[[ Entries shown open ]]
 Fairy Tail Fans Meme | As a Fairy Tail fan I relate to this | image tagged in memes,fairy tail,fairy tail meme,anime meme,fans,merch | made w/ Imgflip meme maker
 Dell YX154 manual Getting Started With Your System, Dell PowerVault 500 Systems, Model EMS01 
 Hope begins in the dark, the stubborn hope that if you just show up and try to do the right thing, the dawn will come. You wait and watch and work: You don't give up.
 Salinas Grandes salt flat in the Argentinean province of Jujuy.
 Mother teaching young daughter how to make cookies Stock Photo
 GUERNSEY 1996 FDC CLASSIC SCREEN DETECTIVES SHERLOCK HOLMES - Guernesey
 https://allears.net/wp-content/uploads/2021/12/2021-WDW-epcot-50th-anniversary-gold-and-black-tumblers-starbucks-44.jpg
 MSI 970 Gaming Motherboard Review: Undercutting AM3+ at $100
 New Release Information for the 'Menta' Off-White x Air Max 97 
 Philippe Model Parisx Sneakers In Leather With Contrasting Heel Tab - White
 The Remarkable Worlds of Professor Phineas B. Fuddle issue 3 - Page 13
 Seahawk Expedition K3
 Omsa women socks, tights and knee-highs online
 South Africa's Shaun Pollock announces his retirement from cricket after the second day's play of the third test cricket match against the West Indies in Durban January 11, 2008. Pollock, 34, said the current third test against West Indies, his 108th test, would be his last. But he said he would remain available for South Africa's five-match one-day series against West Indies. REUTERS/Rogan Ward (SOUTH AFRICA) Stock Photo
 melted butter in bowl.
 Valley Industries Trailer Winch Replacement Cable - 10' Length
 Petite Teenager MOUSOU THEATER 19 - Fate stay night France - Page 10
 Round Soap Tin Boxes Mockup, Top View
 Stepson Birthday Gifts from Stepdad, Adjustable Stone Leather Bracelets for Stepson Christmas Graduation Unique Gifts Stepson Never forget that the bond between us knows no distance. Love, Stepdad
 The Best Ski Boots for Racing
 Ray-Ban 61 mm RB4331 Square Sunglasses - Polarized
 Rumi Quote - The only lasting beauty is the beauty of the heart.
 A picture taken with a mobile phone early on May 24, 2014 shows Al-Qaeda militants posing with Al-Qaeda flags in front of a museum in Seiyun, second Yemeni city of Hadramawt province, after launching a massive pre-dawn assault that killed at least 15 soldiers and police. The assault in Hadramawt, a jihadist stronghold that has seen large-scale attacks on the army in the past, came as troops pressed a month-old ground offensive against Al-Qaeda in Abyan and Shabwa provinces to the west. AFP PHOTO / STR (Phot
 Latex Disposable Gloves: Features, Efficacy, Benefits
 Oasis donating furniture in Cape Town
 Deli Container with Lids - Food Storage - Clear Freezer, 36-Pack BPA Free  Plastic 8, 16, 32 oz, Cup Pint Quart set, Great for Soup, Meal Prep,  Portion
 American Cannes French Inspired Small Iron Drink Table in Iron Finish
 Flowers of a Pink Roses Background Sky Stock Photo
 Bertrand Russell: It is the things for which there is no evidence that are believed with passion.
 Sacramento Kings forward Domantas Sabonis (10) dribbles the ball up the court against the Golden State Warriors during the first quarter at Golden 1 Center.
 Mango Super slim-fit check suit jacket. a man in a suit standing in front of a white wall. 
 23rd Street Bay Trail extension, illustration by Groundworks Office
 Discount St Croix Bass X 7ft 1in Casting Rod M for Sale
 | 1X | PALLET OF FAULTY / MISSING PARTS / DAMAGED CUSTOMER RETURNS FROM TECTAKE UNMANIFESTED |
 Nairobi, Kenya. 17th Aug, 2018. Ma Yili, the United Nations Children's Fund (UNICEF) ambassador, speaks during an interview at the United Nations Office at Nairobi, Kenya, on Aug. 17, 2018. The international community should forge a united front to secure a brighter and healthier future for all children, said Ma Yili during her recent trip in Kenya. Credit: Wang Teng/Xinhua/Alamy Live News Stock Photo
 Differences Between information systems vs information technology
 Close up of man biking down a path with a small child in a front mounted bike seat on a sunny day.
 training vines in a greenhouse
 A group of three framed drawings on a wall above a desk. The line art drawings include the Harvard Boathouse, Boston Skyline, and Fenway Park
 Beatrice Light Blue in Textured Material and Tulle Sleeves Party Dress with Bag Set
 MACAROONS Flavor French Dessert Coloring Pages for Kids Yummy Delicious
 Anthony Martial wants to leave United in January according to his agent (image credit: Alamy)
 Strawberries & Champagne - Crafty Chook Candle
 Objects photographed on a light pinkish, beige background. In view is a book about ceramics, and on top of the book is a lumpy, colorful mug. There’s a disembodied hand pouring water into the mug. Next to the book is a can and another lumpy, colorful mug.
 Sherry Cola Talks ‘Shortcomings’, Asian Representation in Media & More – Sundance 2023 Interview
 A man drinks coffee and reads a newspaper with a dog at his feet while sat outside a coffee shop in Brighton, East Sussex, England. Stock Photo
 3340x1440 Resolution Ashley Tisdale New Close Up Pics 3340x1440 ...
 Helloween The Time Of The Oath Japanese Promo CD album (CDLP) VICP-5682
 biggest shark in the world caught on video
[[ Entries shown closed ]]
When you transcribe the listing, make each line match the original exactly.

§ **Answer to the problem**
 Fairy Tail Fans Meme | As a Fairy Tail fan I relate to this | image tagged in memes,fairy tail,fairy tail meme,anime meme,fans,merch | made w/ Imgflip meme maker
 Dell YX154 manual Getting Started With Your System, Dell PowerVault 500 Systems, Model EMS01 
 Hope begins in the dark, the stubborn hope that if you just show up and try to do the right thing, the dawn will come. You wait and watch and work: You don't give up.
 Salinas Grandes salt flat in the Argentinean province of Jujuy.
 Mother teaching young daughter how to make cookies Stock Photo
 GUERNSEY 1996 FDC CLASSIC SCREEN DETECTIVES SHERLOCK HOLMES - Guernesey
 https://allears.net/wp-content/uploads/2021/12/2021-WDW-epcot-50th-anniversary-gold-and-black-tumblers-starbucks-44.jpg
 MSI 970 Gaming Motherboard Review: Undercutting AM3+ at $100
 New Release Information for the 'Menta' Off-White x Air Max 97 
 Philippe Model Parisx Sneakers In Leather With Contrasting Heel Tab - White
 The Remarkable Worlds of Professor Phineas B. Fuddle issue 3 - Page 13
 Seahawk Expedition K3
 Omsa women socks, tights and knee-highs online
 South Africa's Shaun Pollock announces his retirement from cricket after the second day's play of the third test cricket match against the West Indies in Durban January 11, 2008. Pollock, 34, said the current third test against West Indies, his 108th test, would be his last. But he said he would remain available for South Africa's five-match one-day series against West Indies. REUTERS/Rogan Ward (SOUTH AFRICA) Stock Photo
 melted butter in bowl.
 Valley Industries Trailer Winch Replacement Cable - 10' Length
 Petite Teenager MOUSOU THEATER 19 - Fate stay night France - Page 10
 Round Soap Tin Boxes Mockup, Top View
 Stepson Birthday Gifts from Stepdad, Adjustable Stone Leather Bracelets for Stepson Christmas Graduation Unique Gifts Stepson Never forget that the bond between us knows no distance. Love, Stepdad
 The Best Ski Boots for Racing
 Ray-Ban 61 mm RB4331 Square Sunglasses - Polarized
 Rumi Quote - The only lasting beauty is the beauty of the heart.
 A picture taken with a mobile phone early on May 24, 2014 shows Al-Qaeda militants posing with Al-Qaeda flags in front of a museum in Seiyun, second Yemeni city of Hadramawt province, after launching a massive pre-dawn assault that killed at least 15 soldiers and police. The assault in Hadramawt, a jihadist stronghold that has seen large-scale attacks on the army in the past, came as troops pressed a month-old ground offensive against Al-Qaeda in Abyan and Shabwa provinces to the west. AFP PHOTO / STR (Phot
 Latex Disposable Gloves: Features, Efficacy, Benefits
 Oasis donating furniture in Cape Town
 Deli Container with Lids - Food Storage - Clear Freezer, 36-Pack BPA Free  Plastic 8, 16, 32 oz, Cup Pint Quart set, Great for Soup, Meal Prep,  Portion
 American Cannes French Inspired Small Iron Drink Table in Iron Finish
 Flowers of a Pink Roses Background Sky Stock Photo
 Bertrand Russell: It is the things for which there is no evidence that are believed with passion.
 Sacramento Kings forward Domantas Sabonis (10) dribbles the ball up the court against the Golden State Warriors during the first quarter at Golden 1 Center.
 Mango Super slim-fit check suit jacket. a man in a suit standing in front of a white wall. 
 23rd Street Bay Trail extension, illustration by Groundworks Office
 Discount St Croix Bass X 7ft 1in Casting Rod M for Sale
 | 1X | PALLET OF FAULTY / MISSING PARTS / DAMAGED CUSTOMER RETURNS FROM TECTAKE UNMANIFESTED |
 Nairobi, Kenya. 17th Aug, 2018. Ma Yili, the United Nations Children's Fund (UNICEF) ambassador, speaks during an interview at the United Nations Office at Nairobi, Kenya, on Aug. 17, 2018. The international community should forge a united front to secure a brighter and healthier future for all children, said Ma Yili during her recent trip in Kenya. Credit: Wang Teng/Xinhua/Alamy Live News Stock Photo
 Differences Between information systems vs information technology
 Close up of man biking down a path with a small child in a front mounted bike seat on a sunny day.
 training vines in a greenhouse
 A group of three framed drawings on a wall above a desk. The line art drawings include the Harvard Boathouse, Boston Skyline, and Fenway Park
 Beatrice Light Blue in Textured Material and Tulle Sleeves Party Dress with Bag Set
 MACAROONS Flavor French Dessert Coloring Pages for Kids Yummy Delicious
 Anthony Martial wants to leave United in January according to his agent (image credit: Alamy)
 Strawberries & Champagne - Crafty Chook Candle
 Objects photographed on a light pinkish, beige background. In view is a book about ceramics, and on top of the book is a lumpy, colorful mug. There’s a disembodied hand pouring water into the mug. Next to the book is a can and another lumpy, colorful mug.
 Sherry Cola Talks ‘Shortcomings’, Asian Representation in Media & More – Sundance 2023 Interview
 A man drinks coffee and reads a newspaper with a dog at his feet while sat outside a coffee shop in Brighton, East Sussex, England. Stock Photo
 3340x1440 Resolution Ashley Tisdale New Close Up Pics 3340x1440 ...
 Helloween The Time Of The Oath Japanese Promo CD album (CDLP) VICP-5682
 biggest shark in the world caught on video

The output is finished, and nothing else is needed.